November 16, 2000
Building-Moving Base Isolation Improvement Method
Implemented on a Laboratory Building of Kansai University
Base isolation system installed after moving the whole building
eight meters
while maintaining a workable environment inside the building
At the Senriyama Campus of Kansai University
located in Suita City, Takenaka Corporation (Head office: Osaka, President:
Toichi Takenaka) moved the Faculty of Engineering's No. 1 Laboratory Building,
an existing structure (a reinforced concrete four-story structure with
a total weight of approximately 2,000 tons, dimensions of 16.4 x 29.1
meters, and height of 13.6 meters), approximately eight meters to the west,
to install a base isolation system. This is called the building-moving
base isolation improvement method.

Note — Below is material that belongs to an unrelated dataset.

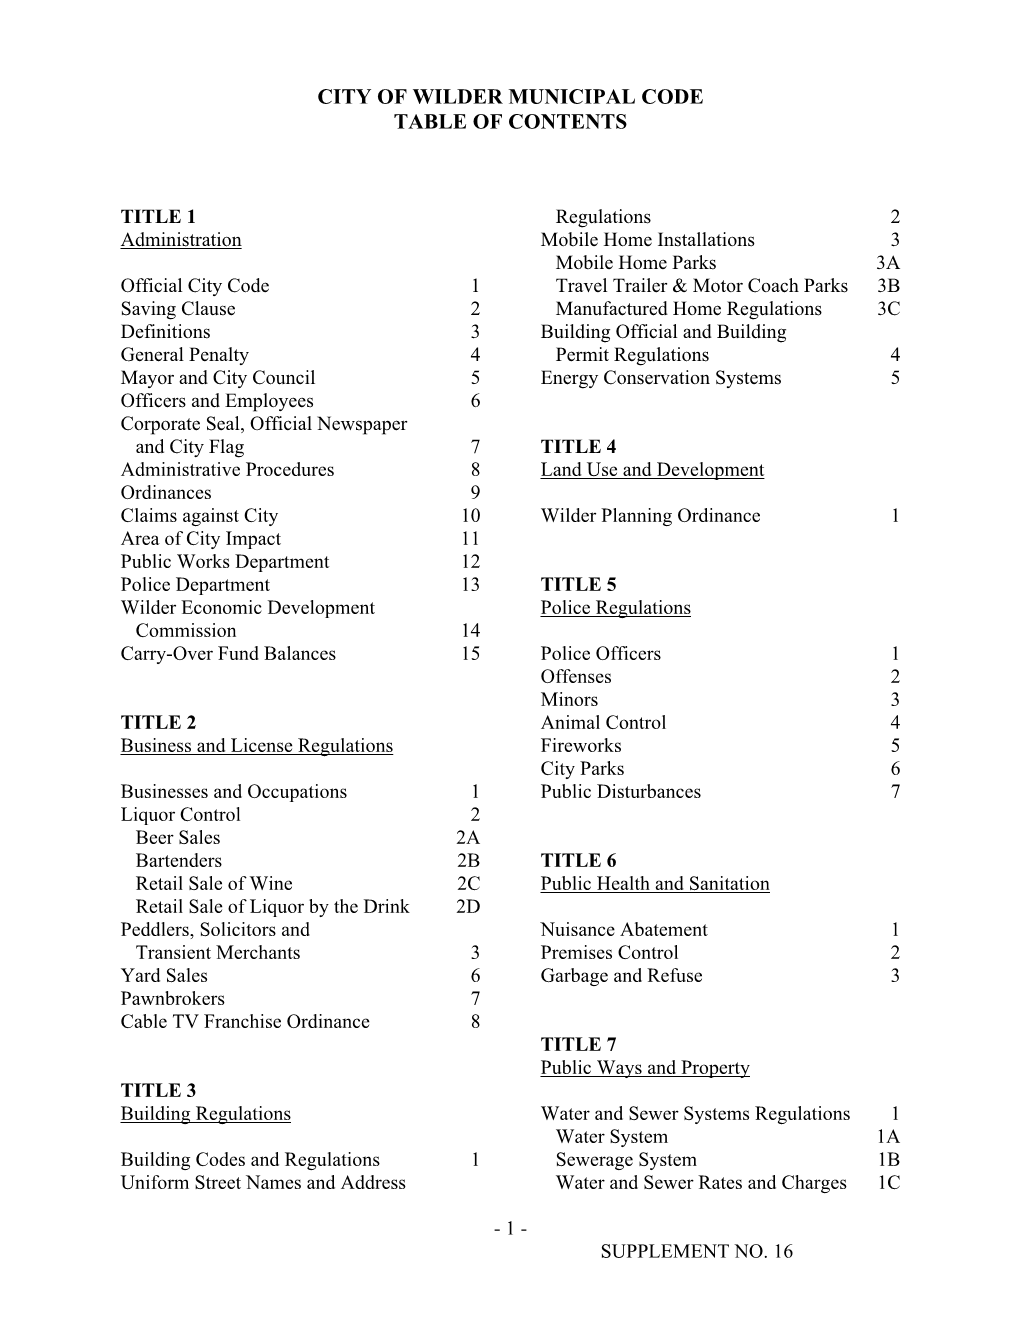 City of Wilder Municipal Code Table of Contents
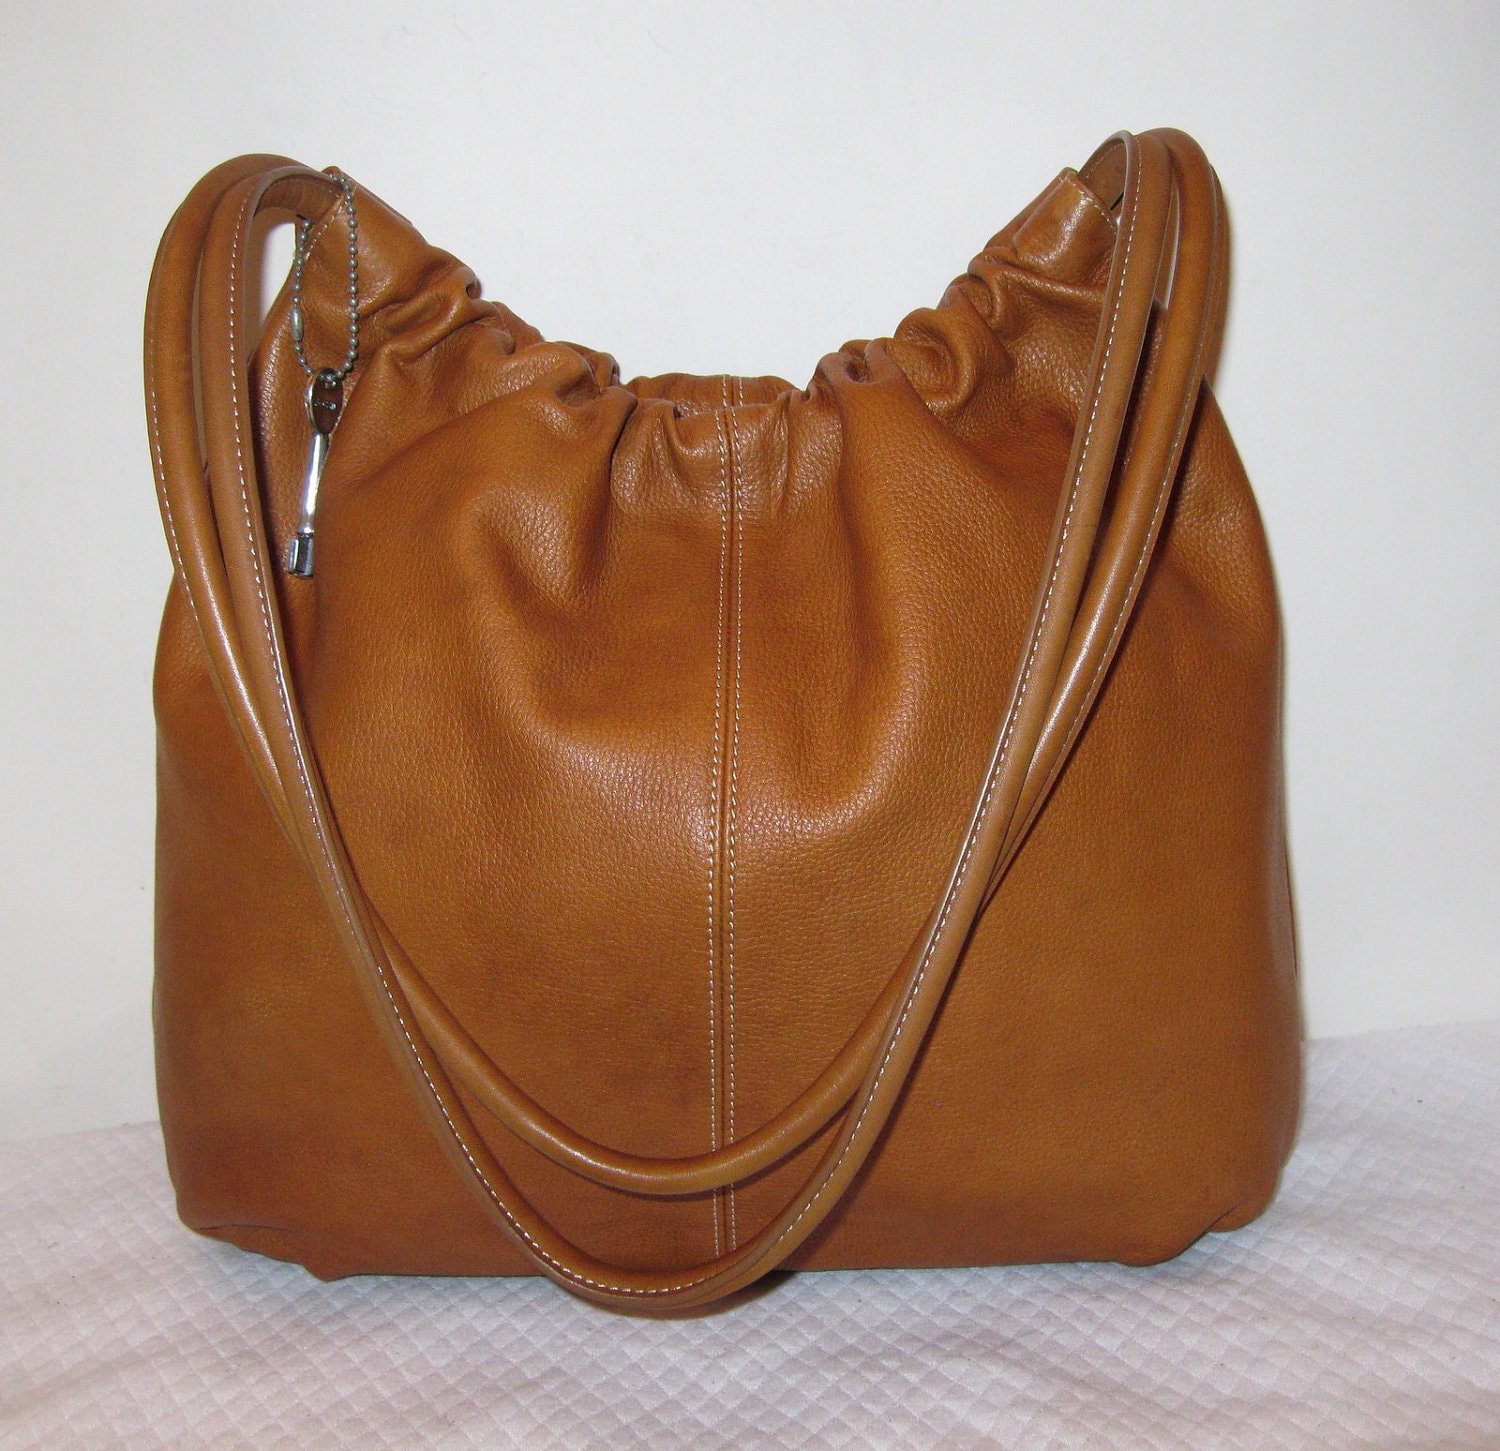 Fossil hobo purse butter soft genuine leather warm tan

Using this method it is possible to
achieve base isolation improvements while maintaining the building in a
normal state that allows the building to function normally while work
is being carried out.
This No. 1 Laboratory of the Faculty of Engineering was completed in
1973, and was built according to old building standards, so the decision
was made to improve earthquake resistance, thereby improving the standard
of safety in the campus. The method chosen to do so was to move the building.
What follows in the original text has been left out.